Parte 1
Parte 1
UM COMPANHEIRO
“Um companheiro te amará, e somente você. Nenhum outro pode se comparar, e ele ou ela te valorizará acima de tudo no mundo”, minha mãe disse, beijando minha testa.
Suspirei, perdida em um sonho. Mal podia esperar para encontrar meu companheiro. Ele seria perfeito – bonito, engraçado, inteligente, corajoso, belo. Ele me amaria… somente a mim… e… e…
Presente
A dor era um peso esmagador. Ver ele, ouvir ele, *saber* que meu companheiro – aquele que deveria me amar acima de todos os outros – amava outra pessoa. Era como uma traição gravada no osso.
Eu o odiaria se pudesse.
Eu o rejeitaria, se ao menos pudesse. Eu queria poder.
“Suba, vou te dar uma carona”, Javier ofereceu, inclinando-se ligeiramente para Ivan subir nas costas dele.
Foguei para eles, a fúria subindo em meu peito. Meus pés gritavam de exaustão! Ele não deveria estar carregando *meu*, me tratando como uma princesa?
Claro, não verbalizei o pensamento. Seria insano. Ivan era nossa Luna, nosso segundo Alfa, e Javier, meu companheiro, era nosso Beta. Era uma dinâmica de poder que eu não podia me dar ao luxo de desafiar.
Diminuindo o ritmo, deliberadamente fiquei para trás, olhando para o chão da floresta.
Estávamos indo para o Palácio do Conselho dos Anciãos, uma caminhada de dez milhas. Como o caminho era inacessível para veículos, caminhamos.
Chegamos ao Palácio antes do anoitecer, e todos os dez de nós fomos designados para quartos para limpar antes do jantar e das discussões. Ivan queria propor que Javier, sua prima mais nova, Yanamarie, e seu companheiro, Jarell, deixassem nosso território e se aventurassem na cidade para estudar medicina e armamento. Seria muito benéfico para nós, dado o uso crescente de venenos estranhos e armas avançadas pelos caçadores.
Nós éramos lobisomens, aparentemente um dos últimos quatro grupos ainda vivos. Caçadores haviam dizimado nossos números, e nós havíamos visto uma tendência perturbadora: lobos de idade estavam sendo emparelhados com humanos talentosos.
Eu preferiria ser emparelhada com um humano talentoso do que com esse babaca insensível.
Suspirei enquanto a água morna lavava o suor e a dor. Javier bateu no vidro do chuveiro.
“Sim, Javier?” chamei.
“Estarei me vestindo no quarto da Luna e o escoltando para o jantar”, ele disse, então se foi antes que eu pudesse responder. Meu peito doía com um vazio familiar e agonizante.
Por que ele não poderia me escoltar para o jantar?
Por que ele não poderia me amar como ele ama Ivan?
Arrepiei com a futilidade do pensamento. Ele nunca faria essas coisas por mim. Forcei um sorriso, inclinando os lábios para cima no meu reflexo. Era uma performance? Eu conseguiria até enganhar a mim mesma?

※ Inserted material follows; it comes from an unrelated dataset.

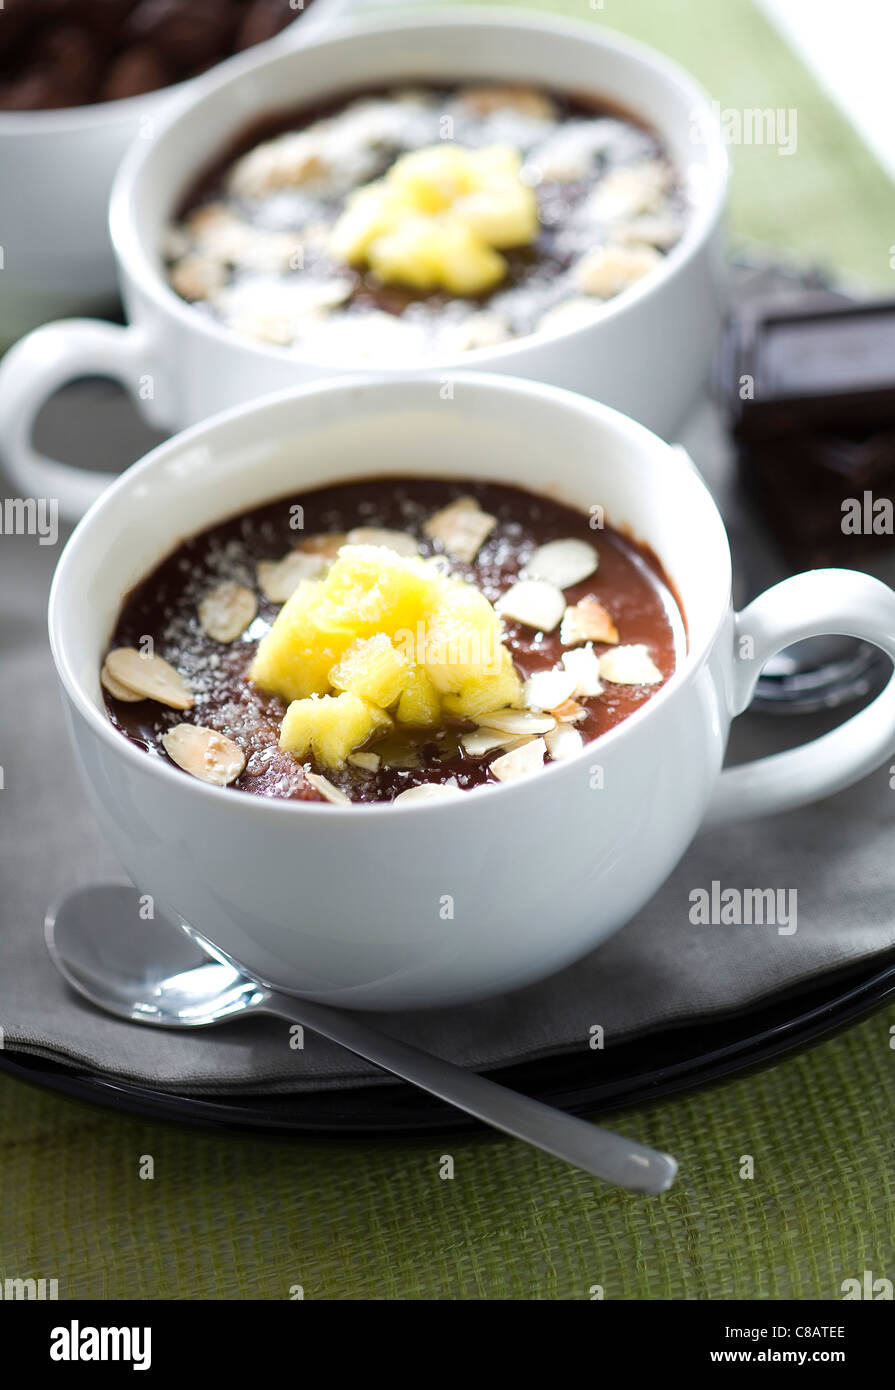 Postre cremoso de chocolate con almendras, coco y piña Imagen De Stock
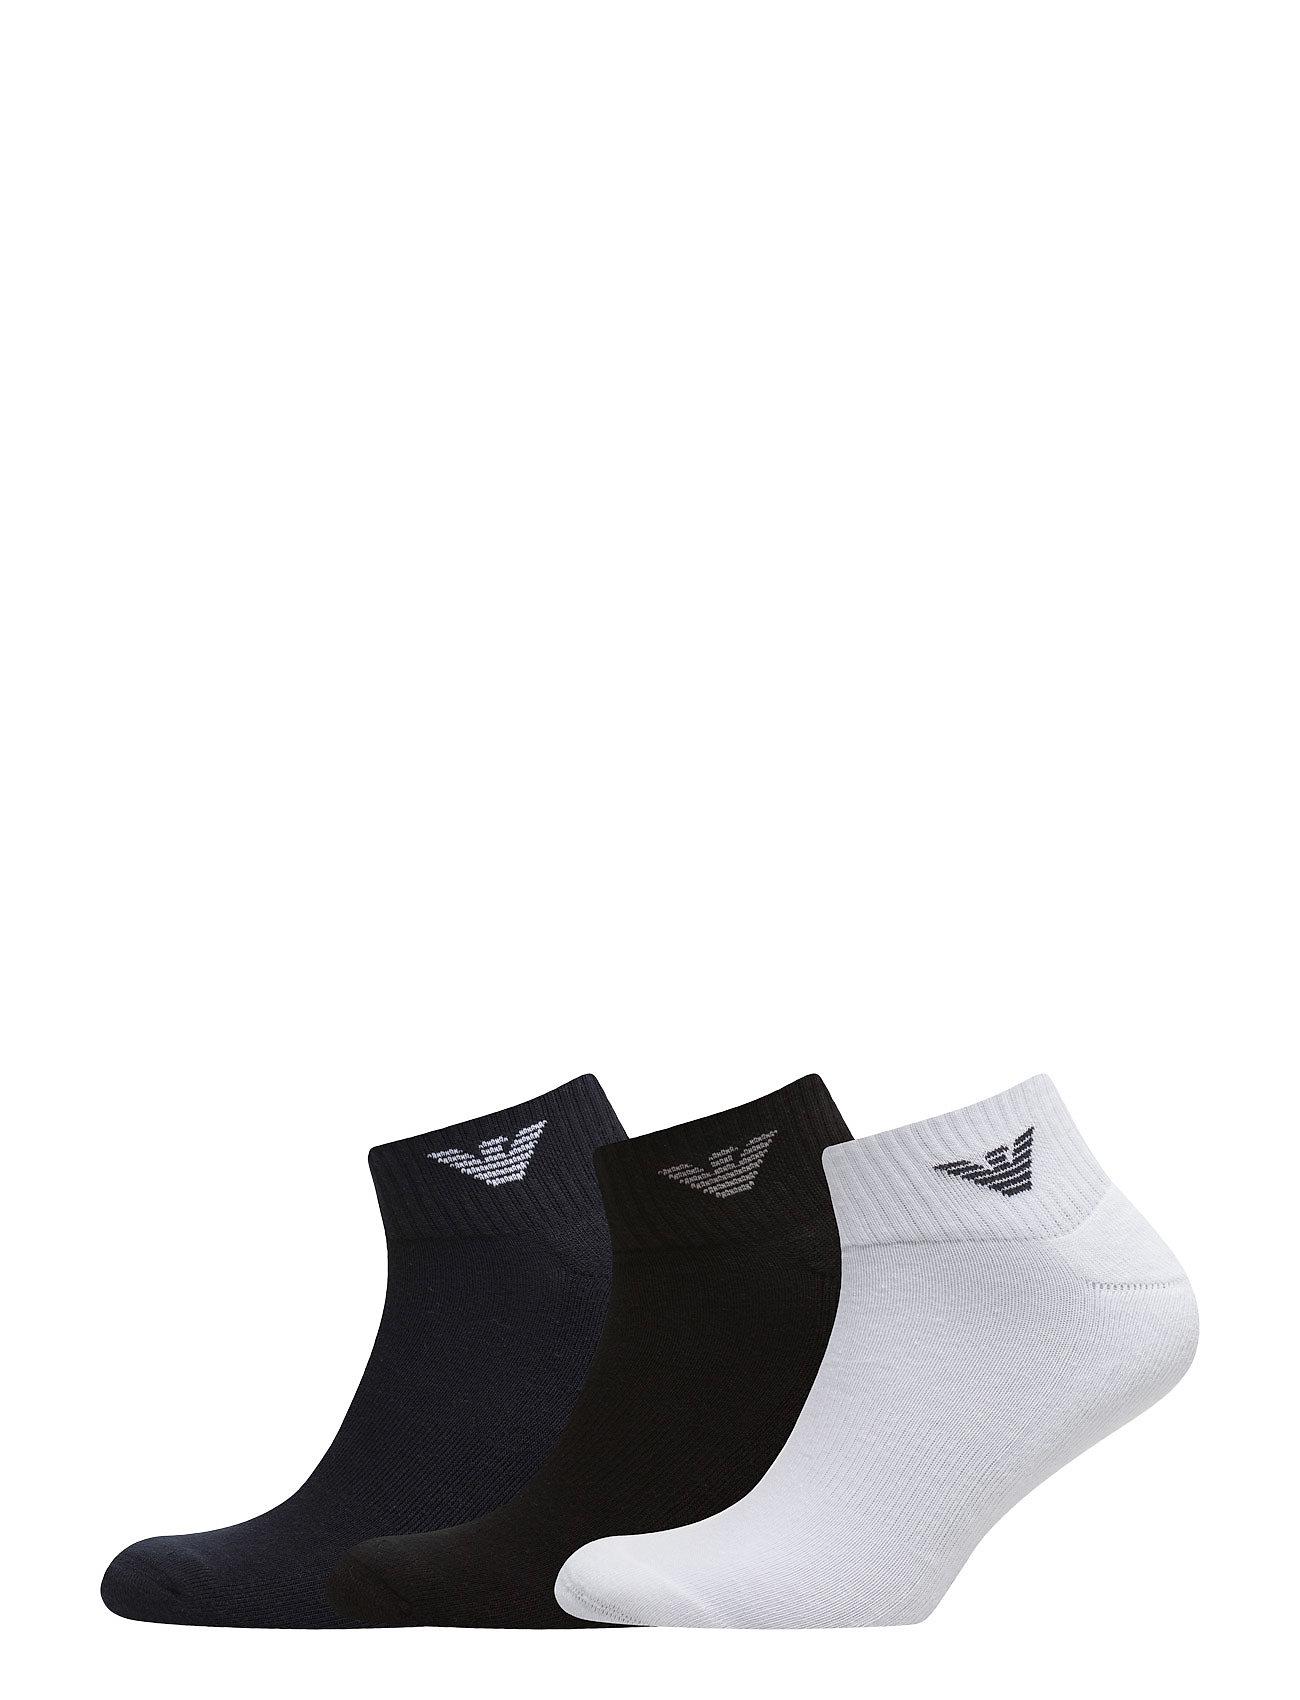 Men'S Knit Short Soc Emporio Armani Undertøj til Mænd i

O jantar foi agradável, cheio de conversas educadas até que chegou a hora das discussões sérias. Todos os lobos de baixa patente foram dispensados para seus quartos, deixando apenas Javier, Ivan e eu presentes para as conversas.
“Fale, Luna”, Alaric, o chefe do Conselho, disse depois que os servos limpado a mesa.
“Obrigado, Ancião. Proponho que a Curandeira Yanamarie, prima de Javier, seja enviada para o mundo humano por três anos para estudar seus avanços na medicina, junto com seu companheiro, Jares, que estudará suas armas. Acredito que entender e nos familiarizar com o progresso que os caçadores humanos fizeram na perfeição de suas técnicas para capturar e assassinar nossos semelhantes beneficiará muito a todos nós”, Ivan disse, encontrando o olhar de cada Ancião por um momento.
O silêncio se instalou enquanto os Anciãos consideravam as palavras de Ivan. Finalmente, o Chefe do Conselho Alaric falou.
“Sua proposta tem mérito, Luna. Concederemos seu pedido, mas não por mais de três anos.” Alaric esperou pelo aceno de Ivan.
“Bom. Vocês podem descansar hoje à noite e retornar ao seu território pela manhã. Os Anciãos e eu se juntarão aos Alfas para sua conferência, então não estaremos em sua companhia. Desejamos a todos uma boa noite e uma jornada segura para casa.” Alaric se levantou, seguido pelos outros quatro Anciãos.
Assim que eles foram embora, a Luna soltou um grito de alegria, e meu companheiro olhou para ele como se o sol brilhasse do seu traseiro.
Tenho certeza de que ele nem sequer percebeu que eu estava saindo do quarto. A indiferença era uma dor física.